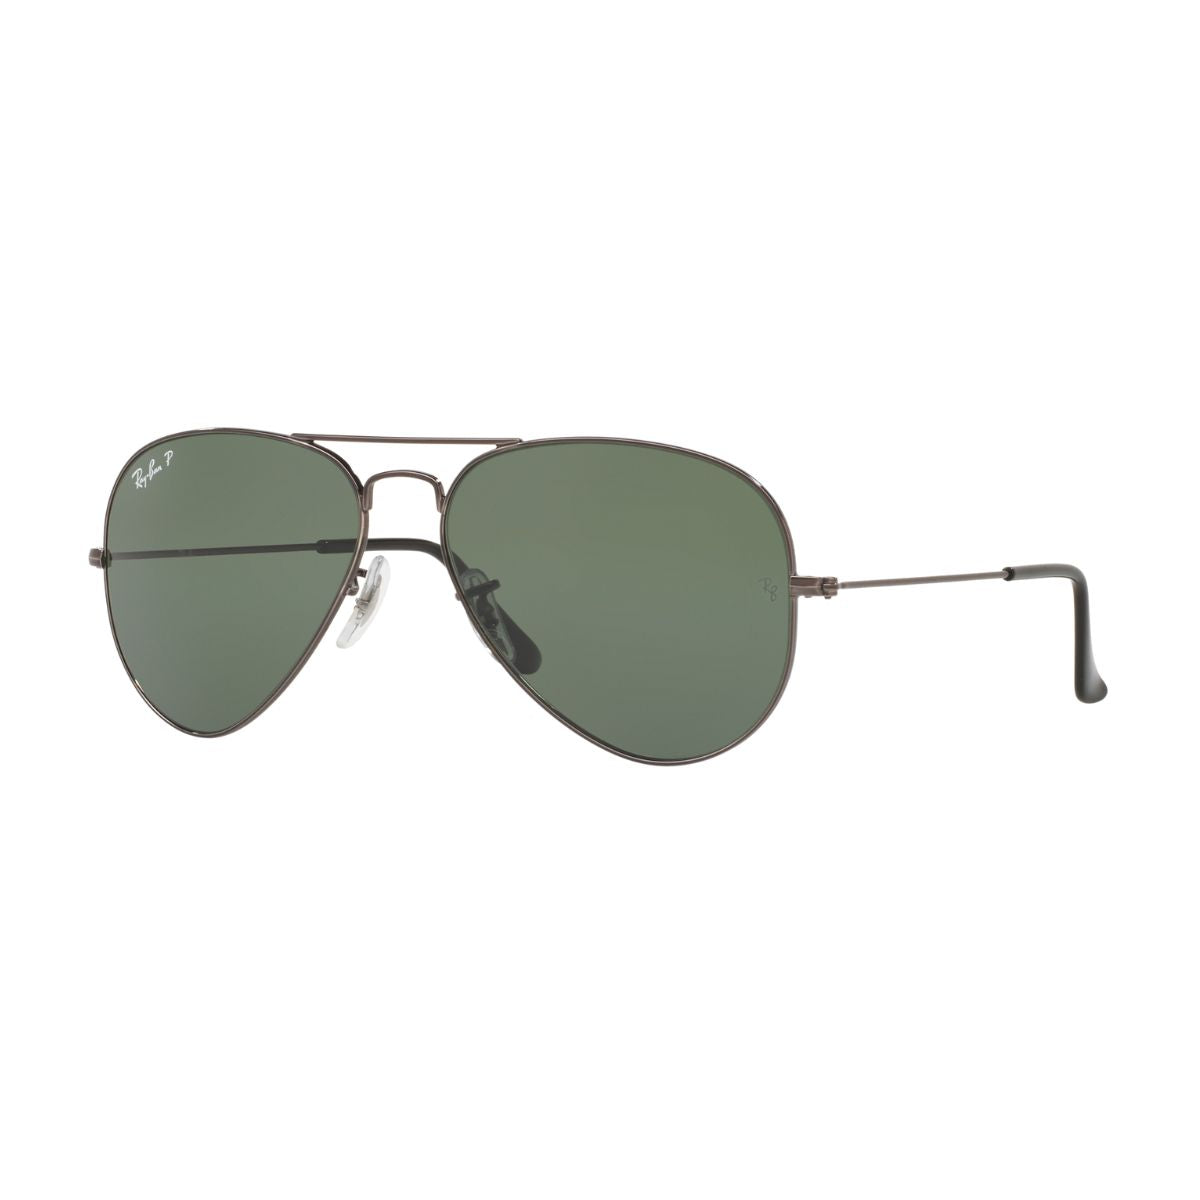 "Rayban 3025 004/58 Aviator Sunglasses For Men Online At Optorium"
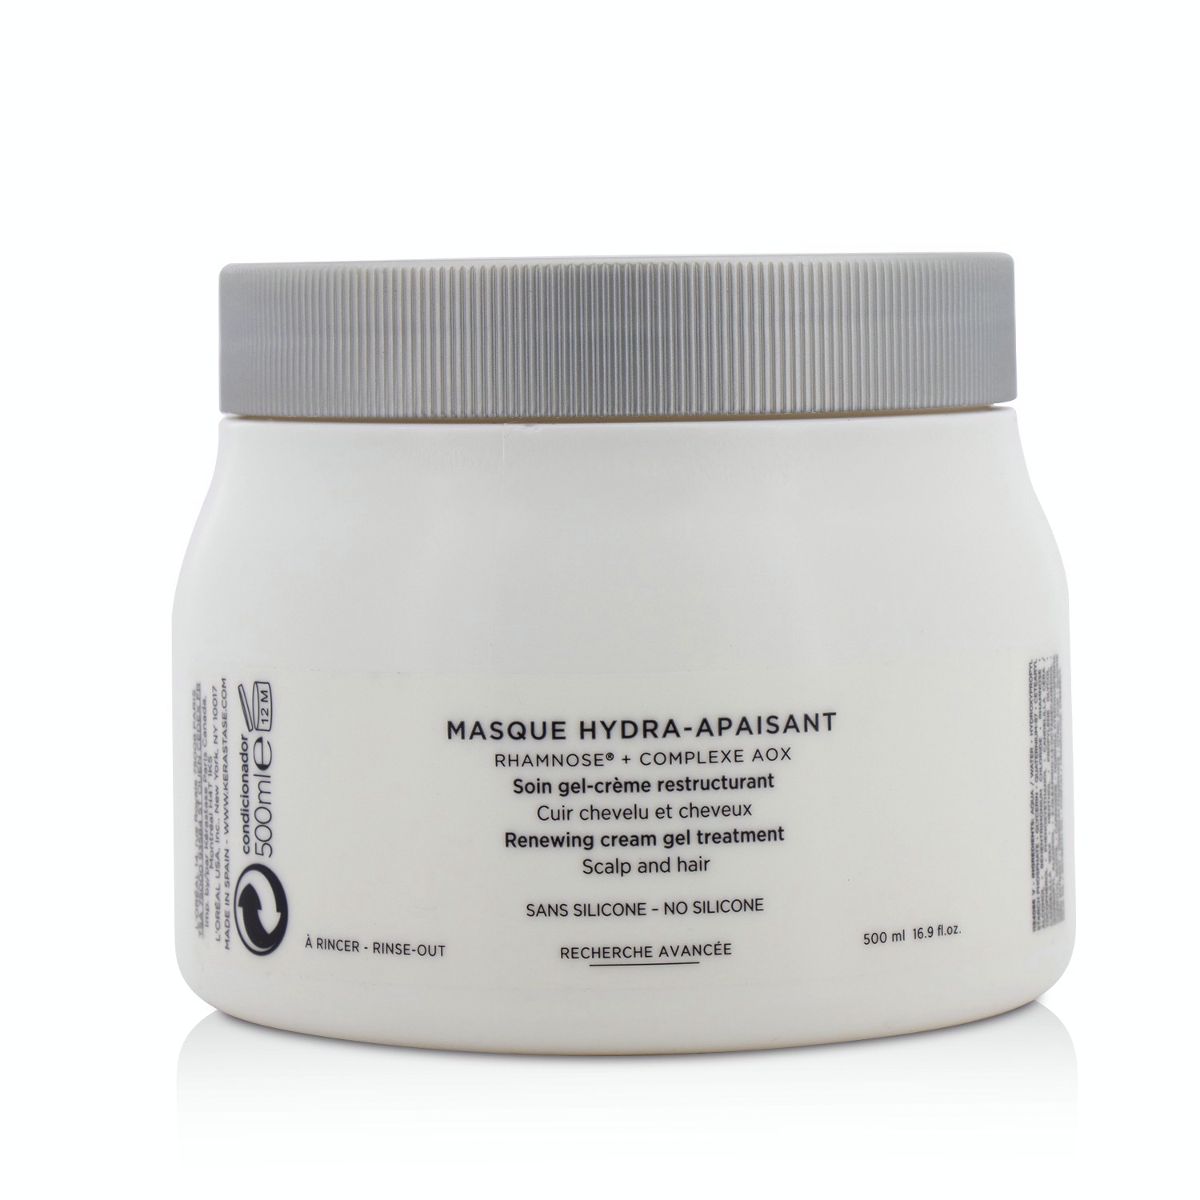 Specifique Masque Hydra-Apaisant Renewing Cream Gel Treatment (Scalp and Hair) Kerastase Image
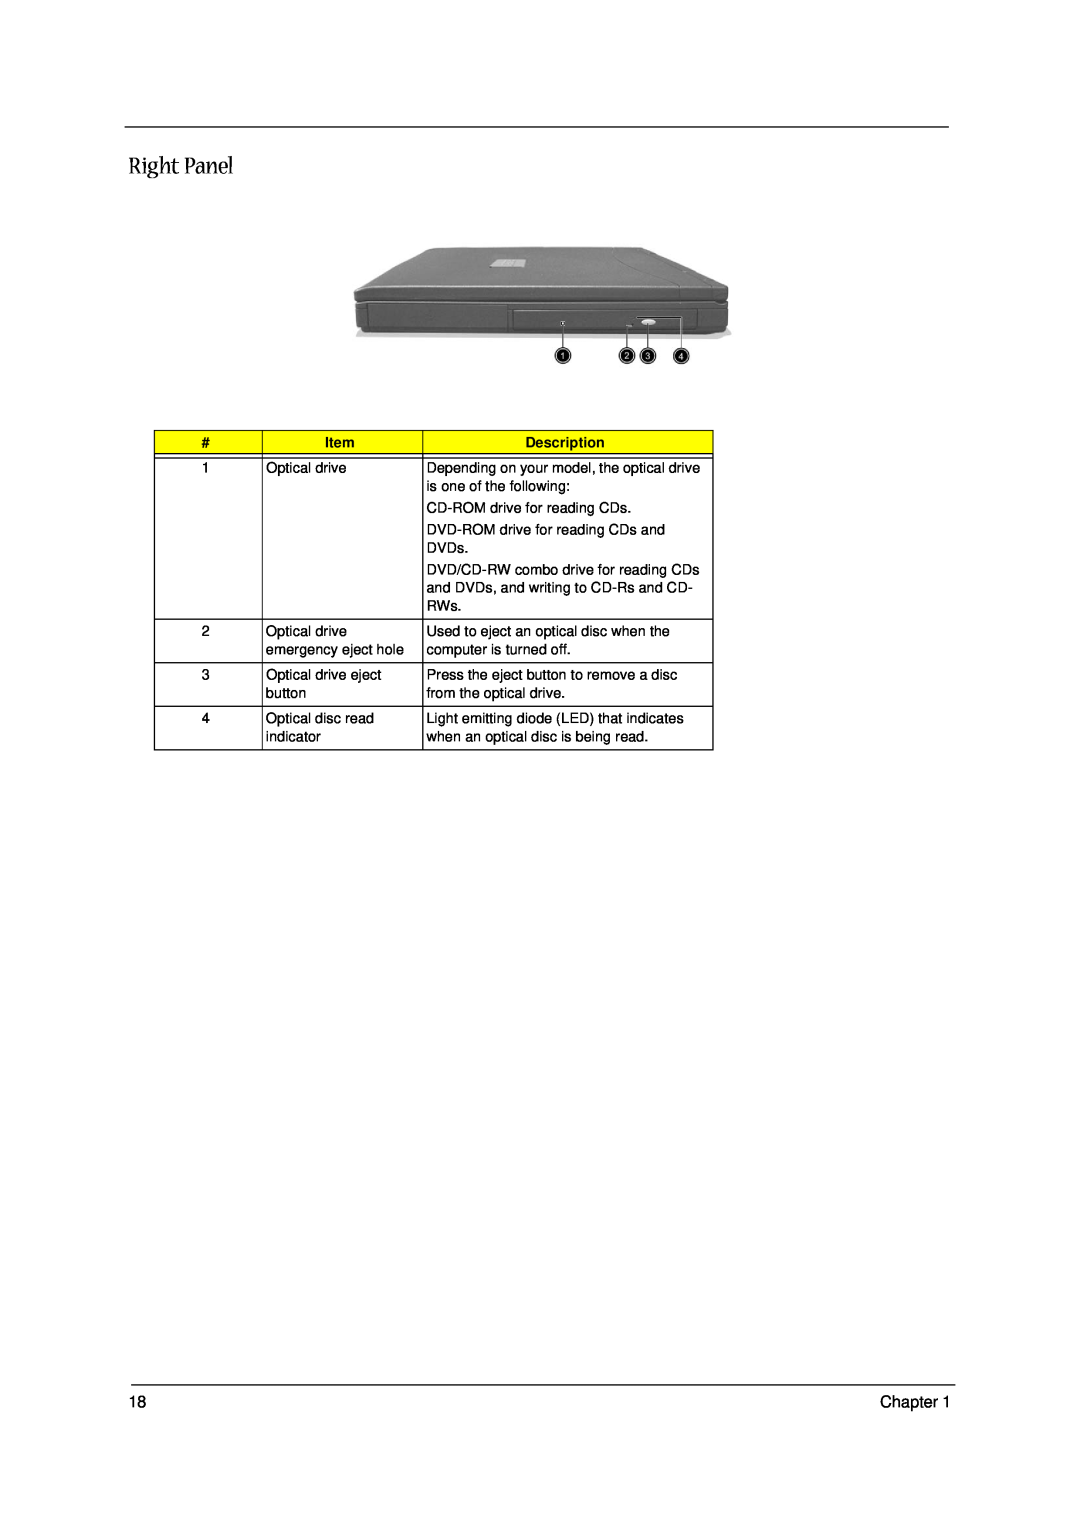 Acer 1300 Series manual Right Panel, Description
+ + + +
### The problem
The answer must be an exact copy of the lines from the one with "Specifique Masque Hydra-Apaisant" through the final line above, both ends included, and nothing else; pictures stay out.

### Answer to this problem
 Specifique Masque Hydra-Apaisant Renewing Cream Gel Treatment (Scalp and Hair) Kerastase Image
 Acer 1300 Series manual Right Panel, Description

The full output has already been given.